Carbohydrate Testing Methods in Food
The three reactions above have almost the same principle, namely using an aldehyde group in sugar to reduce the Cu2SO4 compound to Cu2O (brick red enpadan) after being heated in an alkaline atmosphere (Benedict and Fehling) or acid (Barfoed) with the addition of a binding agent (chelating agent) like Na-citrate and K-Na-tatrat.
Iodine reaction
KH (poilisaccharide) + Iod (I2) à specific color (black blue)
Seliwanoff's reaction
KH (ketose) + H2SO4 à furfural à + resorcinol à red color.
KH (aldosa) + H2SO4 à furfural à + resorcinol à negative
Osazon reaction
This reaction can be used both for aldose and ketose solutions, by adding a phenylhydrazine solution, then heated to form a yellow crystal called hydrazone (osazon).
Quantitative Test
For the determination of carbohydrate levels can be done by physical, chemical, enzymatic, and chromatographic methods (not discussed).
Physical Method
There are two (2) types, namely:
Based on the refractive index
This method uses a device called a refractometer, which is by the formula:
X = [(A + B) C - BD)]
Where :
X =% of sucrose or sugar obtained
A = weight of sample solution (g)
B = weight of diluent solution (g)
C =% sucrose in camp A and B in the table
D =% sucrose in thinner B
Based on optical rotation
This method is used based on the optical properties of sugars that have an asymmetrical structure (can rotate the plane of polarization) so that it can be measured using a device called a polarimeter or digital polarimeter (the result can be known directly) called a sacarimeter.

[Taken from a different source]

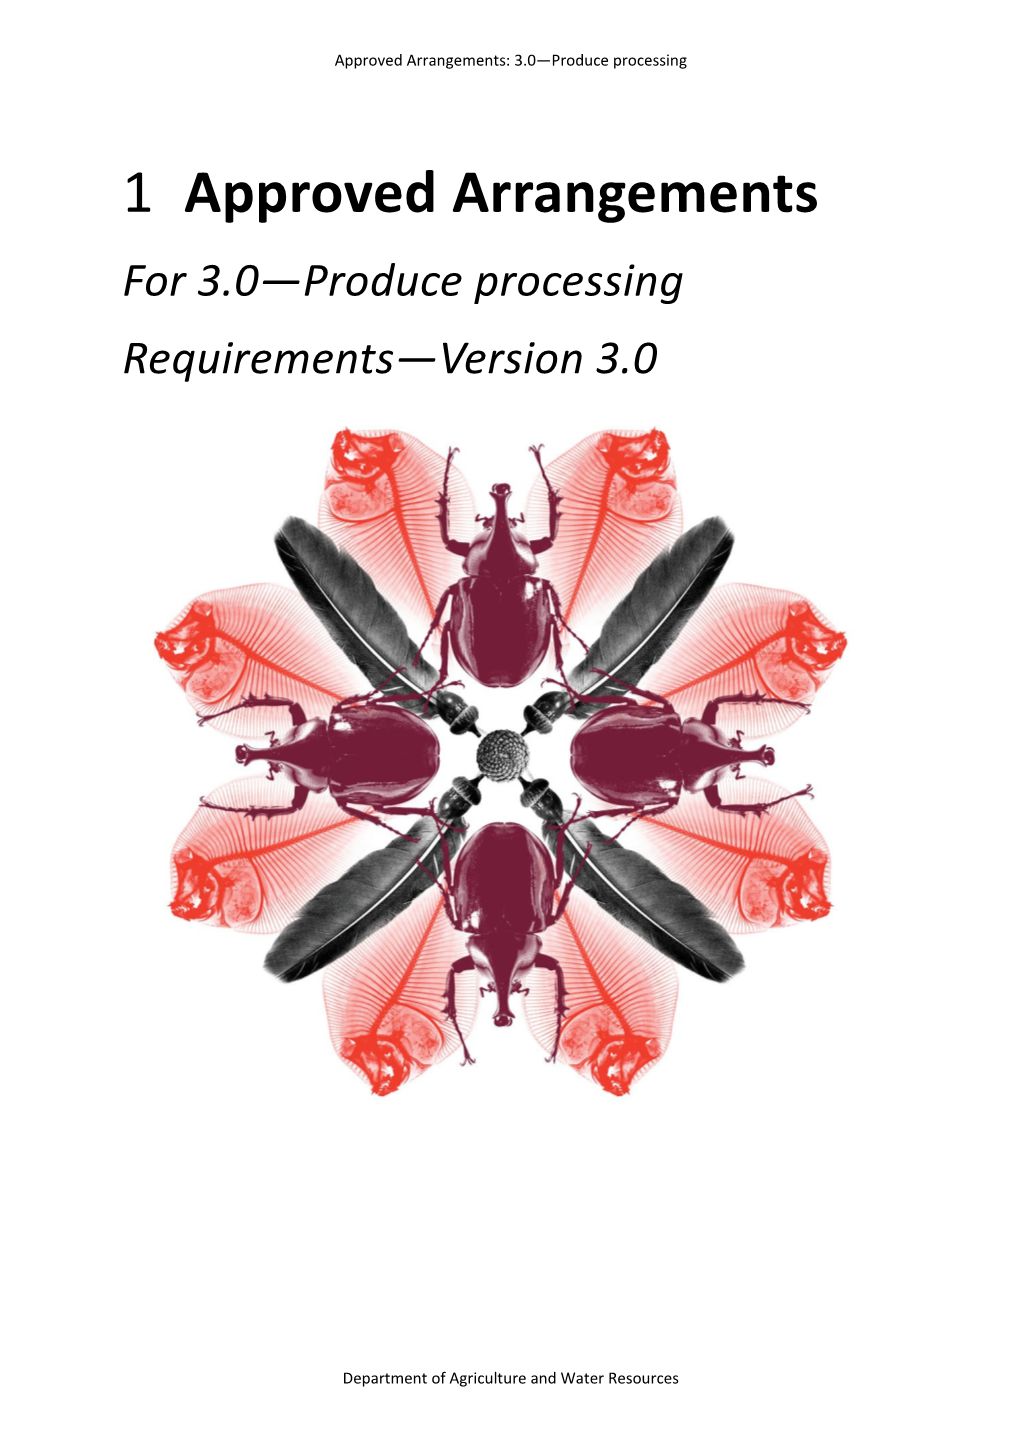 Approved Arrangements for 3.0 - Produce Processing

According to Biot law; "The optical rotation size of each individual sugar is proportional to the concentration of the solution and the thickness of the liquid" so that it can be calculated using the formula:
[a] D20 = 100 A
L x C
Where :
[a] D20 = rotation type at 20 oC using
D = yellow light at a wavelength of 589 nm from the Na lamp
A = observed angle of rotation
C = content (in g / 100 ml)
L = tube length (dm)
so C = 100 A
L x [a] D20
Chemical Method
This method is based on the reducing properties of sugars, such as glucose, galactose, and fructose (except sucrose because it has no aldehyde group). Even though fructose does not have an aldehyde group, it has an alpha hydroxy ketone group, so that it can still react.

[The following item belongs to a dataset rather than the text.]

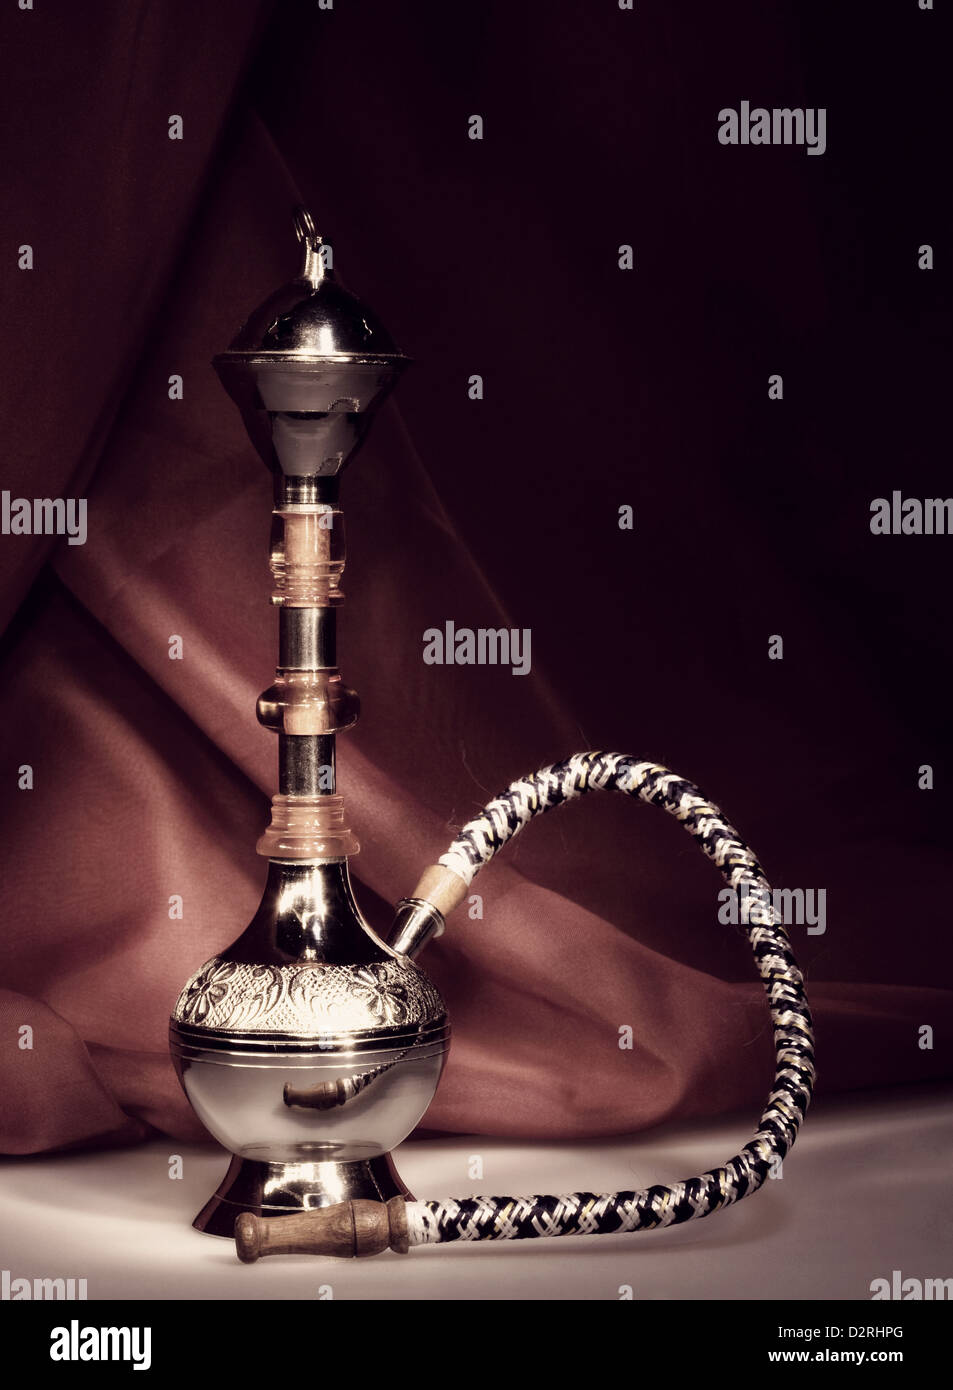 arabian hookah with abstract light. light pen used whilst shot Stock Photo

In this chemical method there are two (2) kinds of ways, namely:
Titration
For the first way, it can see the standardized method by BSN, namely the SNI for food and beverage testing SNI number 01-2892-1992.
Spectrophotometry
The second method uses the principle of CuSO4 reduction reaction by carbonyl groups on reducing sugars which after heating is formed of oxide oxide deposits (Cu2O) and then added Na-citrate and Na-tatrate and phosphomolibdic acid to form a blue compound compound that can be measured by spectrophotometer at a wavelength of 630 nm.
Enzymatic Method
For this enzymatic method, it is very appropriate to be used for determining the sugar casing individually, due to the work of a very specific enzyme. Examples of enzymes that can be used are glucose oxidase and hexokinase. Both are used to measure glucose levels.
Glucose oxidase
D-Glucose + O2 by glucose oxidase à Gluconate Acid and H2O2
H2O2 + O-disianidin by the peroxidase enzyme à 2H2O + brown-oxidized O-disianidin (can be measured at 1540 nm)
Hexokinase
D-Glucose + ATP by hexokinase à Glucose-6-Phosphate + ADP
Glucose-6-Phosphate + NADP + by glucose-6-phosphate dehydrogenase à Gluconate-6-Phosphate + NADPH + H + The presence of fluorescent NADPH (having chromophore groups) can be measured at 334 nm where the amount of NADPH formed is equal to the amount of glucose.